A limitation in some cases is the continued use of cash fare payment for some journeys (albeit now very low in cases such as buses in London), and use of ticket types other than smartcards (for example, multirider tickets cancelled manually). In some cases certain modes may have comprehensive coverage of smartcard readers (such as buses and Underground in London), whereas other modes or operators are not covered (notably the privatised train operating companies in London, although agreement has now been reached to extend the Oyster system to them).

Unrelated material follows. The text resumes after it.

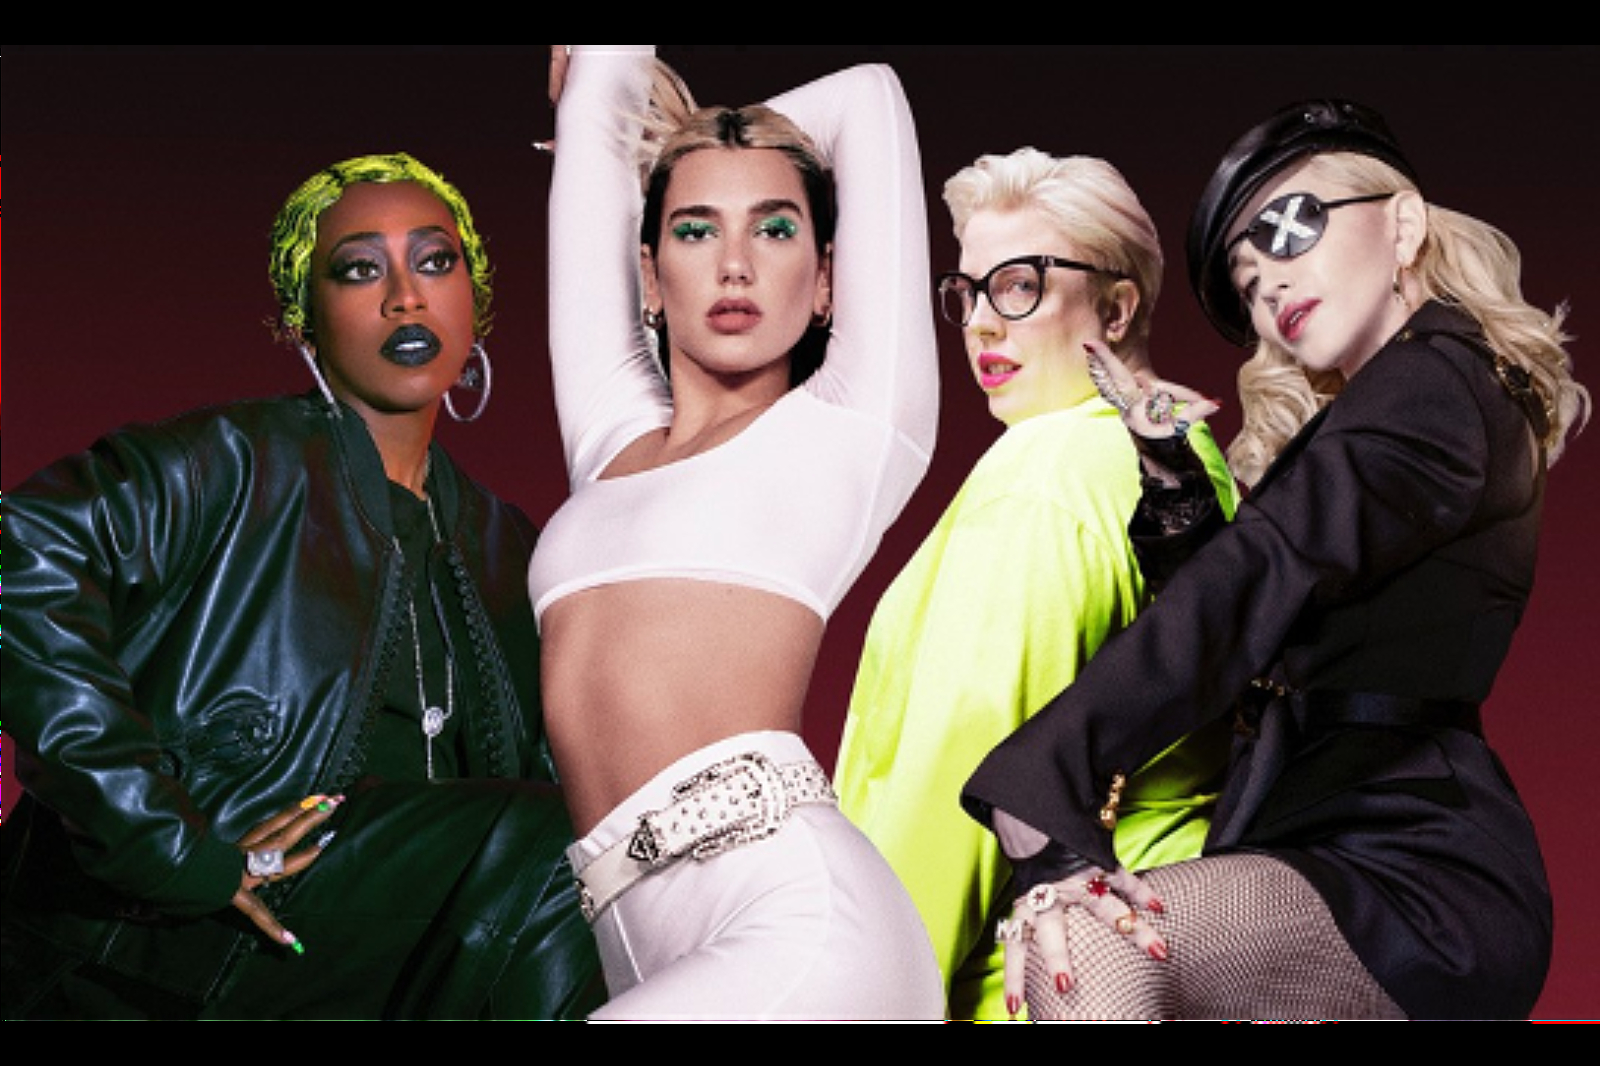 Dua Lipa teams up with Madonna, Missy Elliott and The Blessed Madonna for 'Levitating' remix

Hence records obtained through smartcards give a detailed picture of part of the public transport market, but not a fully-comprehensive one.

These findings point to a complementary role for smartcard and annual data collection. Smartcards should enable a good deal of routine data collection to be automated, such as estimating trip rates by concessionary pass holders. At the same time, certain data types (such as exact O&D, or trip purpose) require manual data collection methods to be used. One can also see complementary roles, in which manual data is used to check or calibrate that from smartcard systems. For example, a sample of smartcard holders could be interviewed to establish their trip purposes by time of day. This data could then be used in conjunction with automatically-collected smartcard data to provide a profile of trips by purpose. Likewise, a direct user survey could be carried out to establish patterns of interchange, and typical intervals between commencing one leg of a trip and the following leg, as a means of determining a time interval to be used in inferring linked trips.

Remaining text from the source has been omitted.